The dataset is the product. Which raises the question this article answers: how do you collect it without collecting people?

Two kinds of content, one bright line

The key realization is that a recipe page contains two legally and ethically different kinds of content, and they should be treated completely differently.

There are the functional facts: the ingredient list, the steps, the times, the yield, the nutrition. In US copyright terms these are the procedure — and §102(b) explicitly excludes procedures, processes, and systems from copyright protection. A list of ingredients and the functional directions to combine them aren’t copyrightable. (This is well-trodden ground; it’s why every recipe site looks the same and why aggregators exist.)

Then there’s the creative content: the photography, the headnote where the author tells you about their grandmother’s kitchen, the author byline itself, the video. That is copyrightable, full stop.

So the bright line writes itself:

Functional facts + the source URL → can go to the server (the URL doubles as attribution and the cache key).
Creative content → stays on your device, used only to render your reader view, never transmitted.

This is roughly how recipe APIs like Edamam operate at the conservative end: traffic in facts, attribute and link back, leave the creative work alone.

The code is the policy

The nice thing about a bright line is you can encode it as a pure function, and then the policy is enforced by construction rather than by remembering to be careful. buildPayload reduces a full canonical Recipe to the transmittable slice:

export function buildPayload(recipe: Recipe, url: string): TelemetryPayload {
    const stepGroups = recipe.stepGroups.value.map((g) => ({
        ...(g.heading ? { heading: g.heading } : {}),
        steps: g.steps.map((s) => s.text),
    }));
    return {
        url: recipe.source.url || url,
        domain: recipe.source.domain,
        name: recipe.name.value,
        ingredientGroups: recipe.ingredientGroups.value,
        stepGroups,
        ...(recipe.prepTime ? { prepTime: toDuration(recipe.prepTime.value) } : {}),
        ...(recipe.cookTime ? { cookTime: toDuration(recipe.cookTime.value) } : {}),
        ...(recipe.totalTime ? { totalTime: toDuration(recipe.totalTime.value) } : {}),
        ...(recipe.yield ? { yield: recipe.yield.value } : {}),
        ...(recipe.nutrition ? { nutrition: recipe.nutrition.value } : {}),
    };
}

Look at what’s not there. No images. No description. No author. No video, no rating. The function doesn’t strip them defensively — it never reaches for them in the first place. The creative fields exist on the Recipe (the reader renders them locally), they just never enter the payload’s shape. The TelemetryPayload type itself doesn’t have those fields, so adding them later would be a deliberate, reviewable act, not an accident.

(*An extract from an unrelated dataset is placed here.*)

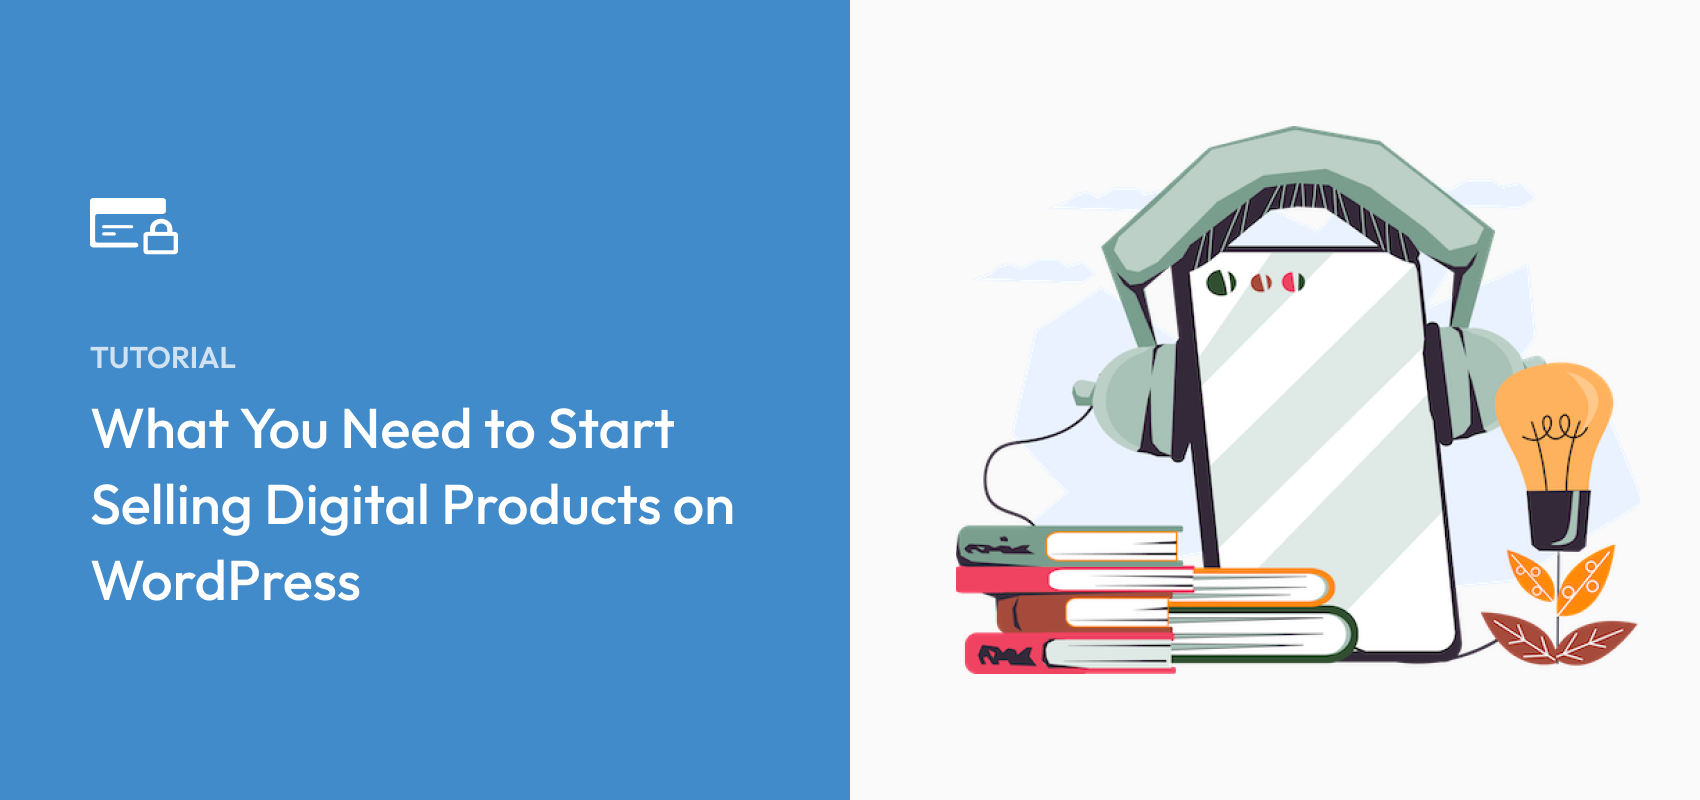 What You Need to Start Selling Digital Products on WordPress

This is the kind of invariant worth testing, so it’s tested as a property rather than trusting the implementation:

it("drops copyrightable creative content (photos, description, author)", () => {
    const p = buildPayload(makeRecipe(), "https://page.test/cake") as Record<string, unknown>;
    expect(p.images).toBeUndefined();
    expect(p.description).toBeUndefined();
    expect(p.author).toBeUndefined();
    expect(p.video).toBeUndefined();
    expect(p.rating).toBeUndefined();
});

Anonymous means no identifier exists

“Anonymous” gets used loosely. Here it means something precise: the payload carries no user or install identifier of any kind. Not a hashed one, not a rotating one — none. There’s no userId, no installId, no clientId, no sessionId. The server can’t link two parses to the same person because there is nothing to link them by.

The one ID in the system is the eventId, and it’s deliberately event-scoped, not user-scoped — a fresh crypto.randomUUID() per parse, whose only purpose is to let the server dedup resends of the same event (remember, at-least-once delivery means events can arrive twice). It identifies a delivery, not a person. There’s a test for that too, asserting the absence of the obvious identifier keys:

it("carries no user/install identifier (anonymity)", () => {
    const keys = Object.keys(buildPayload(makeRecipe(), "https://page.test/cake"));
    for (const id of ["userId", "installId", "clientId", "id", "sessionId"]) {
        expect(keys).not.toContain(id);
    }
});

This buys a genuinely nice property: anonymity-by-construction means there’s nothing to recall. “Delete my data” is just a local clear — the queue and any cached recipes on your device — because the server data was never attributable to you in the first place. That’s not a gap in a data-subject-rights story; it’s the strongest possible version of one. You can’t be forgotten by a system that never knew who you were. (IP gets stripped at ingestion too, so the transport layer doesn’t quietly reintroduce identity.)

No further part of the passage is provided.